The Department of Energy estimates that deep saline formations in the U.S. could hold up to 12,000 gigatons of CO2, meaning they are a viable long-term solution because human activities currently emit around 33 gigatons of CO2 per year. Although burying billions of tons of CO2 underground may sound like a daunting, perhaps even dangerous task, engineers have a pretty good idea how to do it, and scientists have reason to think it can work safely on a large scale. The oil and gas industry began injecting various fluids underground in the 1930s; since that time, researchers have been working to understand the effects of the process on the geochemistry of storage sites and the risks it may pose to human safety. A handful of CO2 storage sites, including a Norwegian project beneath the North Sea initiated in 1996, are already active around the world, showing that the concept, on a small scale, can work.

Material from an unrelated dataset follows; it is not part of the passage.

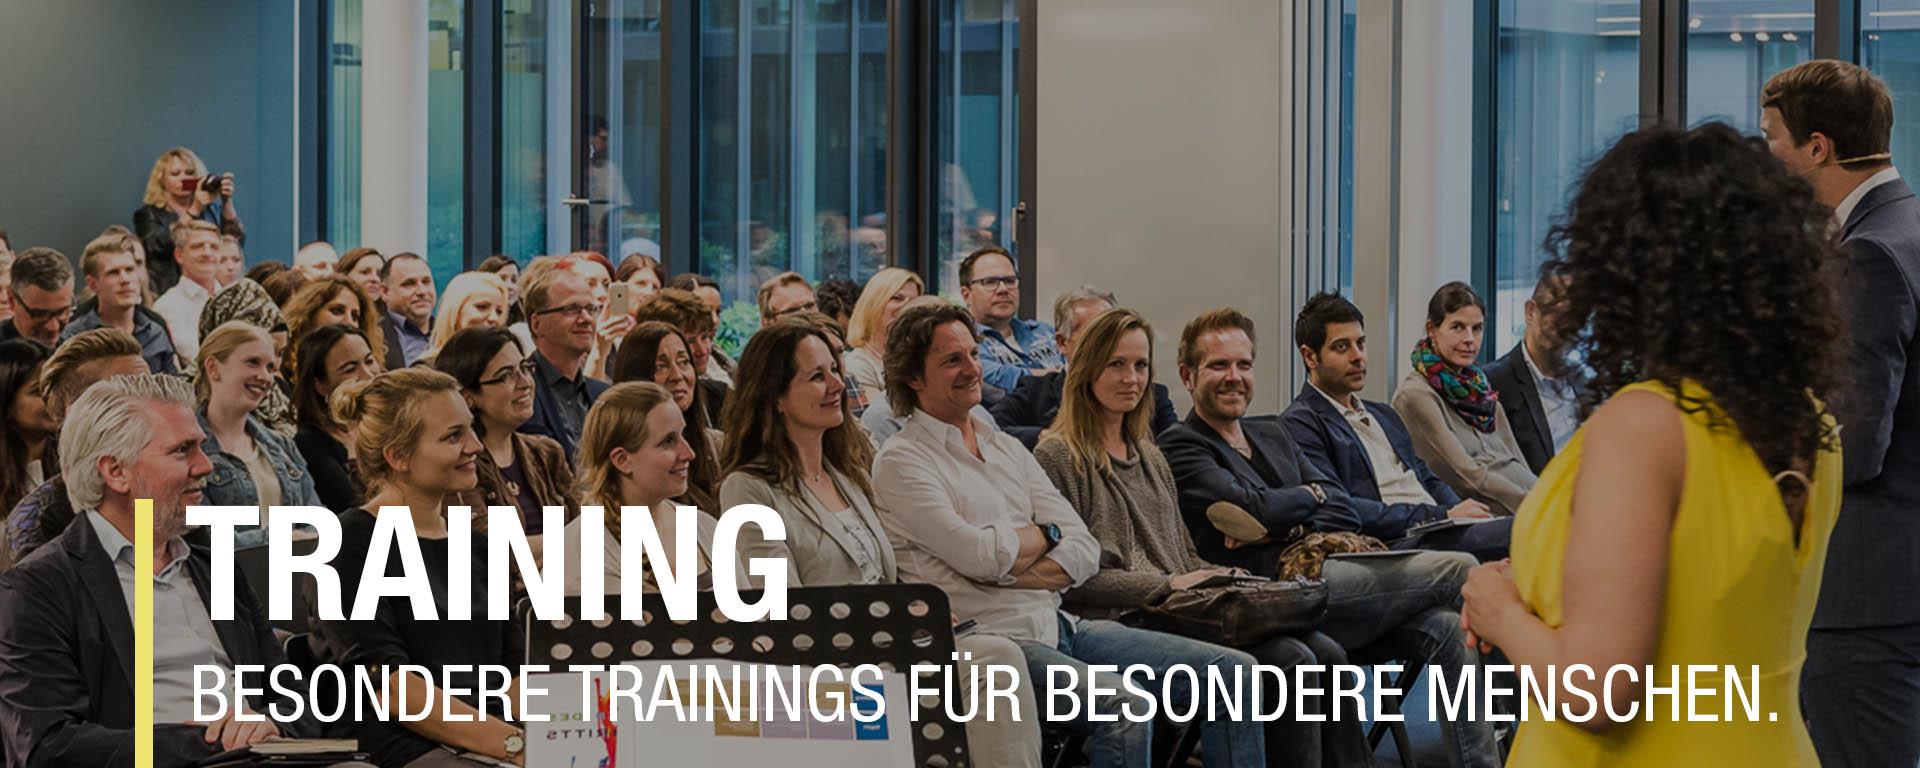 Trainings, Training, Leadership, Changemanagement, Kommunikation

One potential risk that has garnered a lot of research attention is that of an inadvertent leak—especially a hypothetical case in which CO2 seeps into drinkable groundwater supplies. This was the focus of a study published online November 11 in the journal Environmental Science & Technology.

… Even though these results may seem like cause for alarm, the truth is they aren’t surprising, says Julio Friedmann, the leader of the Carbon Management Program at Lawrence Livermore National Laboratory and an expert on CCS. “If CO2 gets into shallow freshwater aquifers, small amounts of trace metals will be freed from the rock volume,” he says. “This is something we’ve understood.” How a CO2 leak might affect drinkable groundwater was “one of the first questions the community asked 15 years ago,” he adds. “It’s the place where we have put most of our experimental emphasis.”
(29 November 2010)
EB contributor RD writes:
“Many may not be aware of potential problems from deep injection of CO2.

Although the energy required to carry out such CO2 sequestration operations will probably prohibit widespread application, the geo-chemical interactions and byproducts of such schemes are not simple and neutral.”